9. The method of claim 1, wherein the tumor damage biomarker is selected from the group consisting of alanine aminotransferase (ALT), aspartate aminotransferase (AST), lactate dehydrogenase (LDH), uric acid, creatinine, monoclonal immunoglobulin (or M protein), immunoglobulin (IgG, IgA, IgD, IgM, IgE), free light chain (FLC), (3 2 microglobulin (β 2-MG )).

 10. The method of claim 1, wherein the time window for detecting the tumor damage biomarker is preferably the same day, the second day or the third day after the treatment with one anti-tumor intervention, for example, receiving one anti-tumor pre-treatment After 8 to 48 hours.

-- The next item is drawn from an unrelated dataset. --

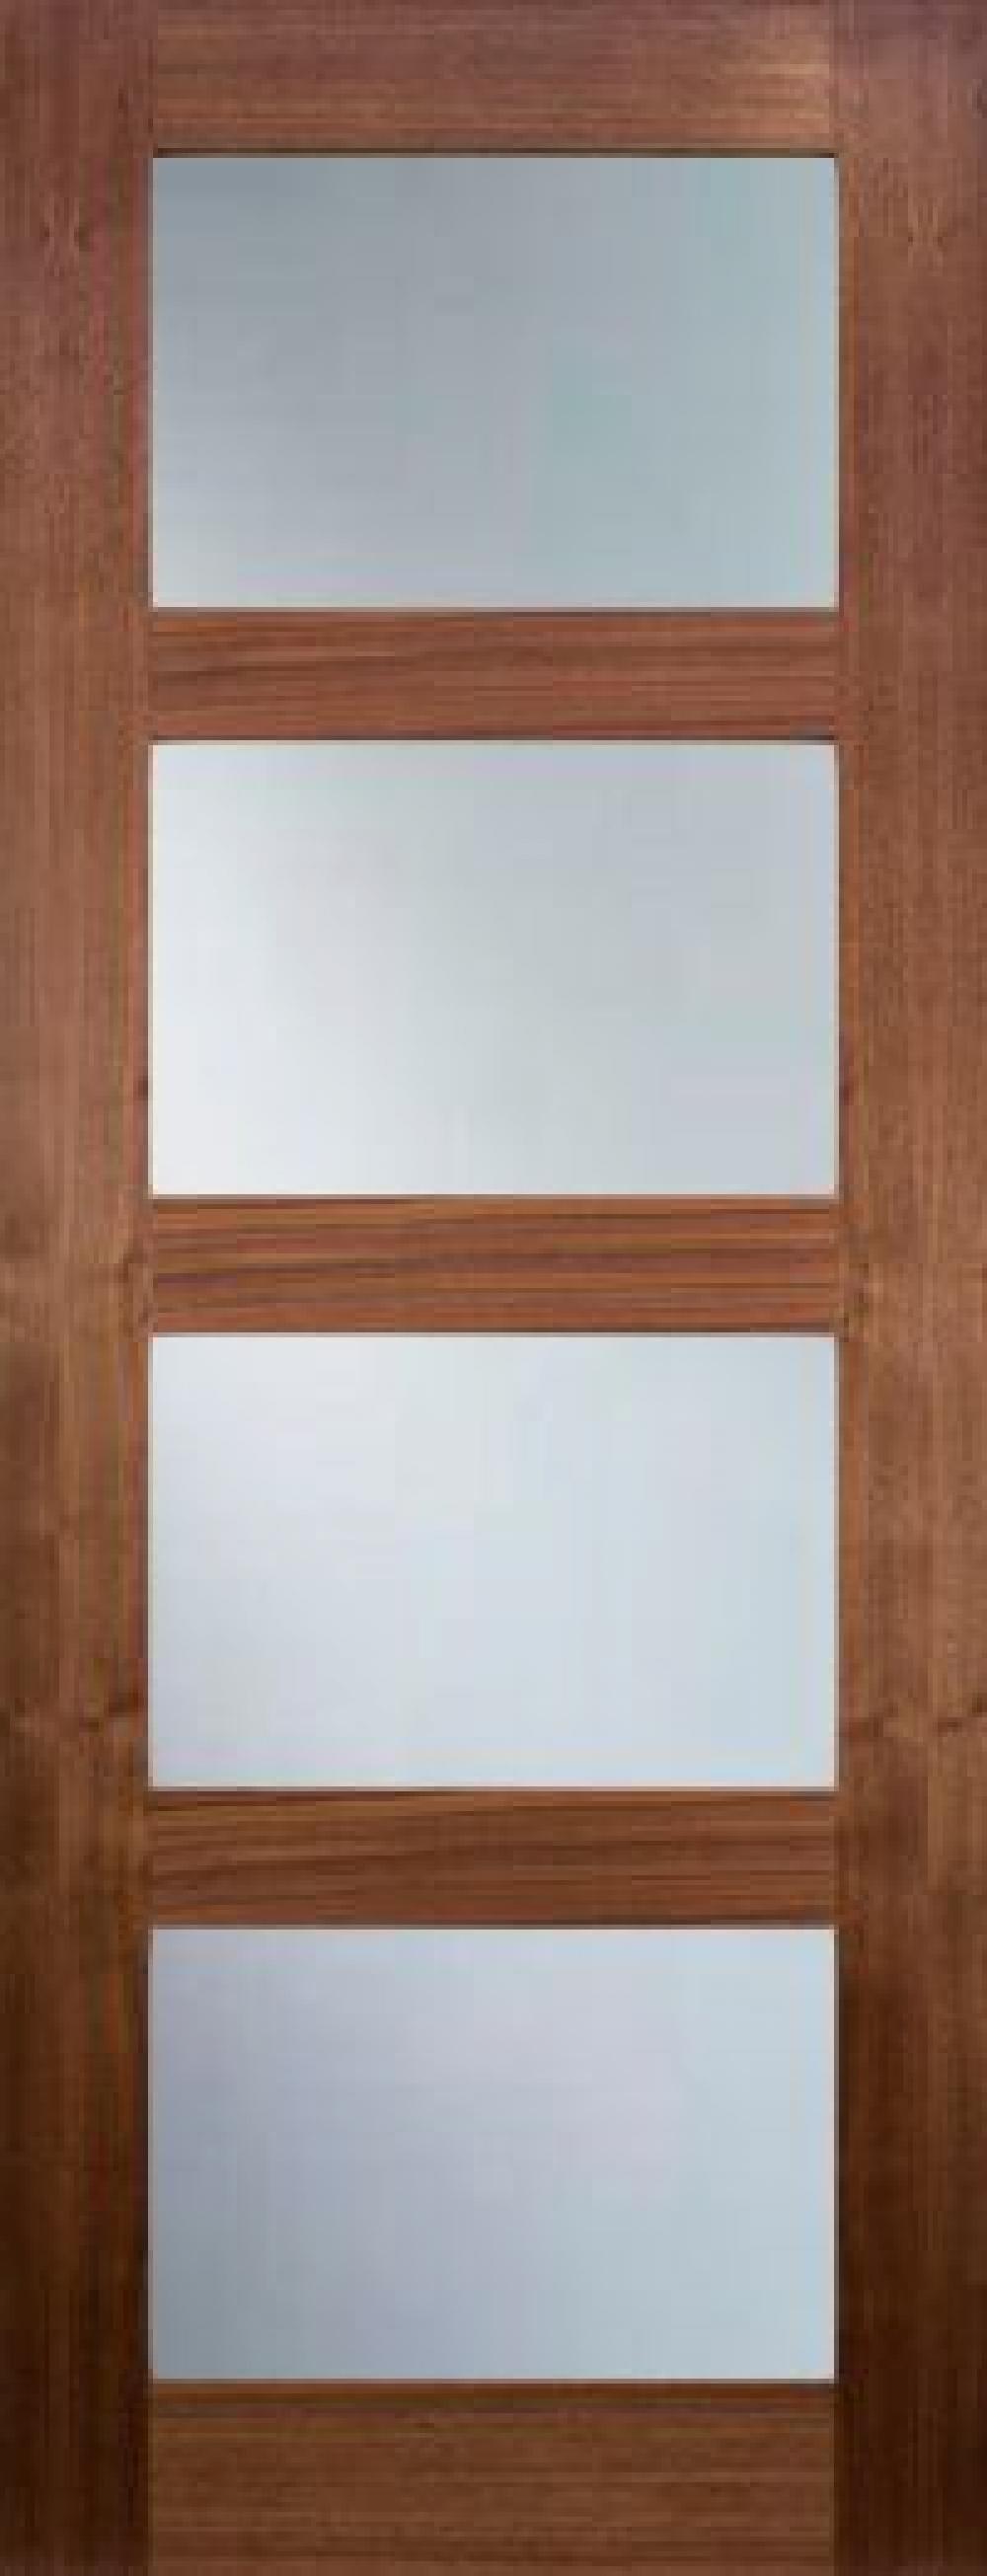 Coventry Walnut Glazed - Clear Prefinished Image

 1 1. The method of claim 1, wherein the increase in tumor damage biomarker means more than 10% above the baseline value, such as more than 20%, especially more than 30%.

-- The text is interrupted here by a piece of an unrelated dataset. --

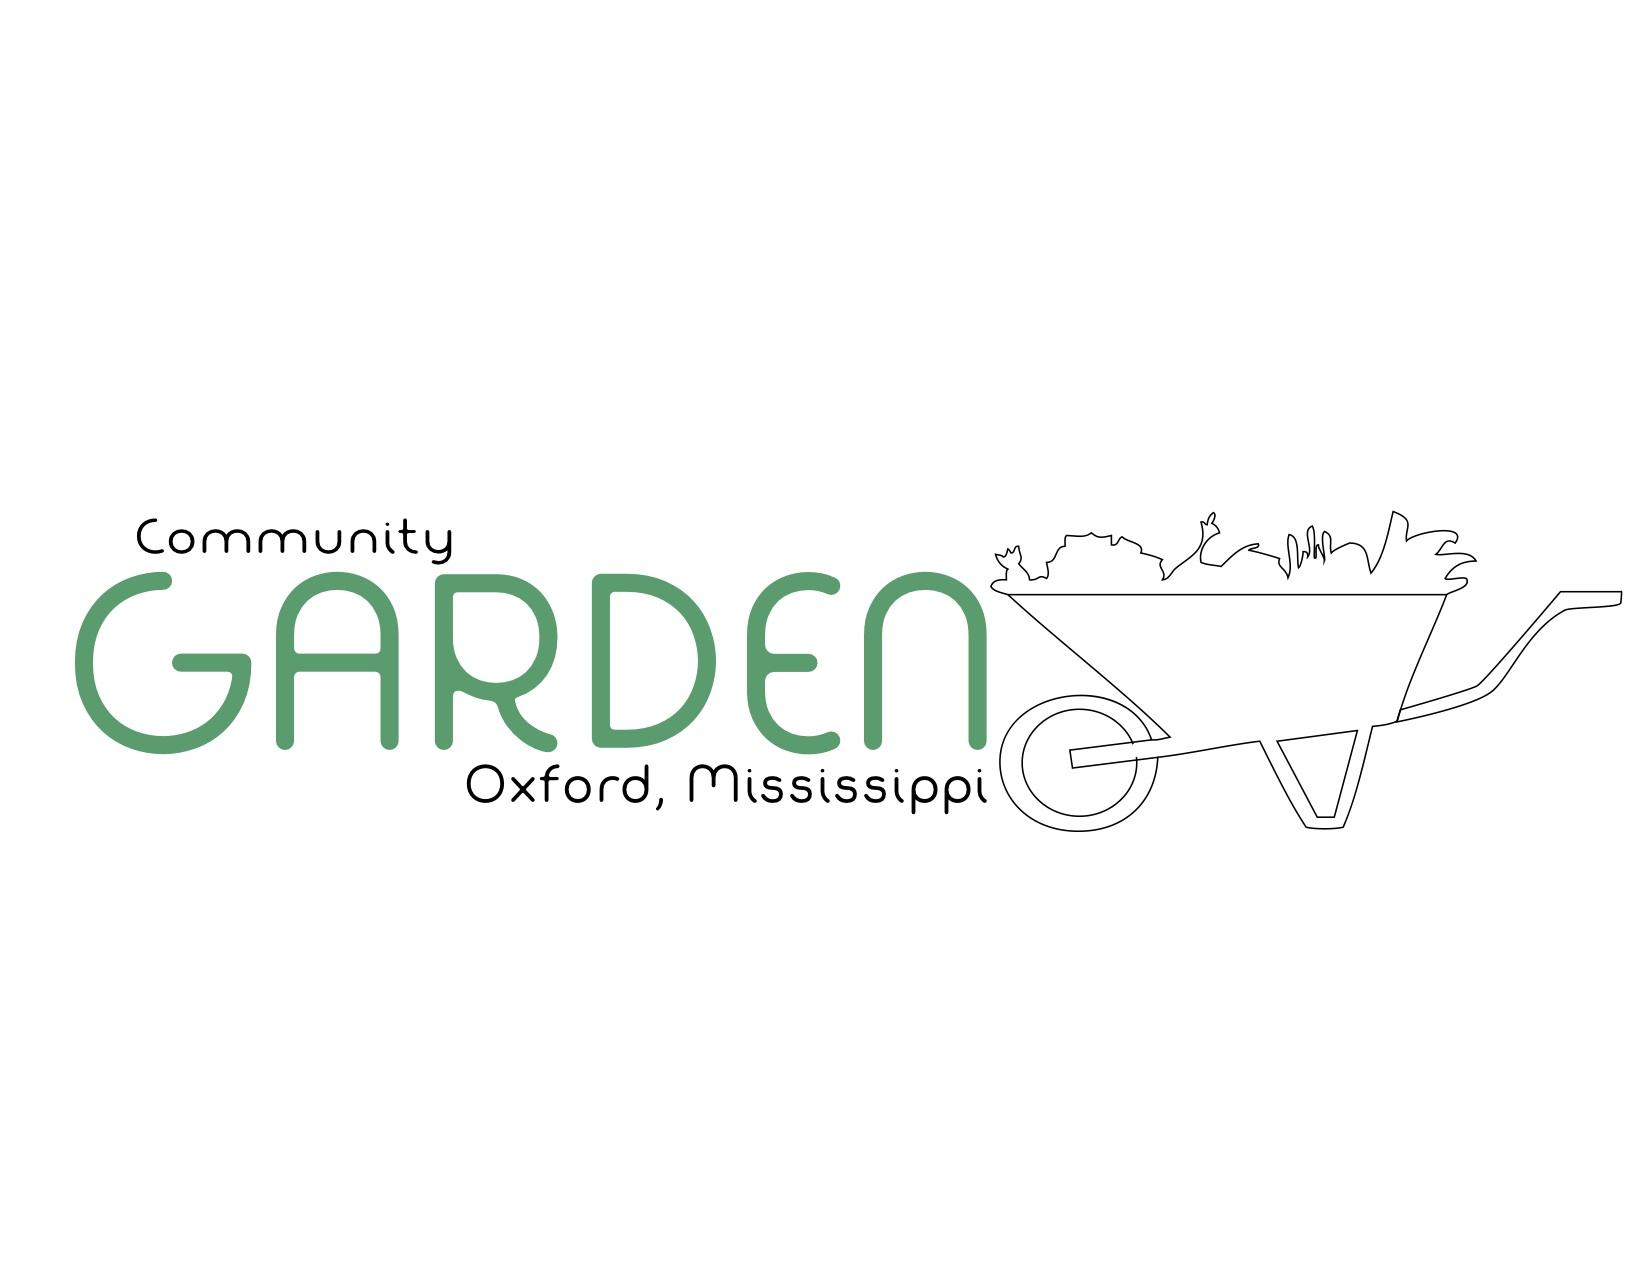 community garden oxford.jpg

 12. The method of claim 1, wherein the tumor damage biomarker is selected from the group consisting of alanine aminotransferase (ALT), aspartate aminotransferase (AST), and lactate dehydrogenase (LDH), the tumor being multiple myeloma, The anti-tumor interventions are either CPT alone or CPT combined with thalidomide.

 13. Use of an agent for detecting a tumor biomarker for the early detection of a clinically useful agent or kit for assessing the clinical efficacy of an anti-tumor intervention, wherein the early evaluation of the clinical efficacy of the anti-tumor intervention includes:

 After the tumor patient receives at least one anti-tumor intervention, the amount of the tumor damage biomarker in the blood of the patient is measured relative to the baseline level before the treatment by using the reagent for detecting the tumor damage biomarker within the time window. High to assess the efficacy of this anti-tumor intervention.

 14. The use of claim 13, wherein the tumor damage biomarker is selected from the group consisting of alanine aminotransferase (ALT), aspartate aminotransferase (AST), and lactate dehydrogenase (LDH).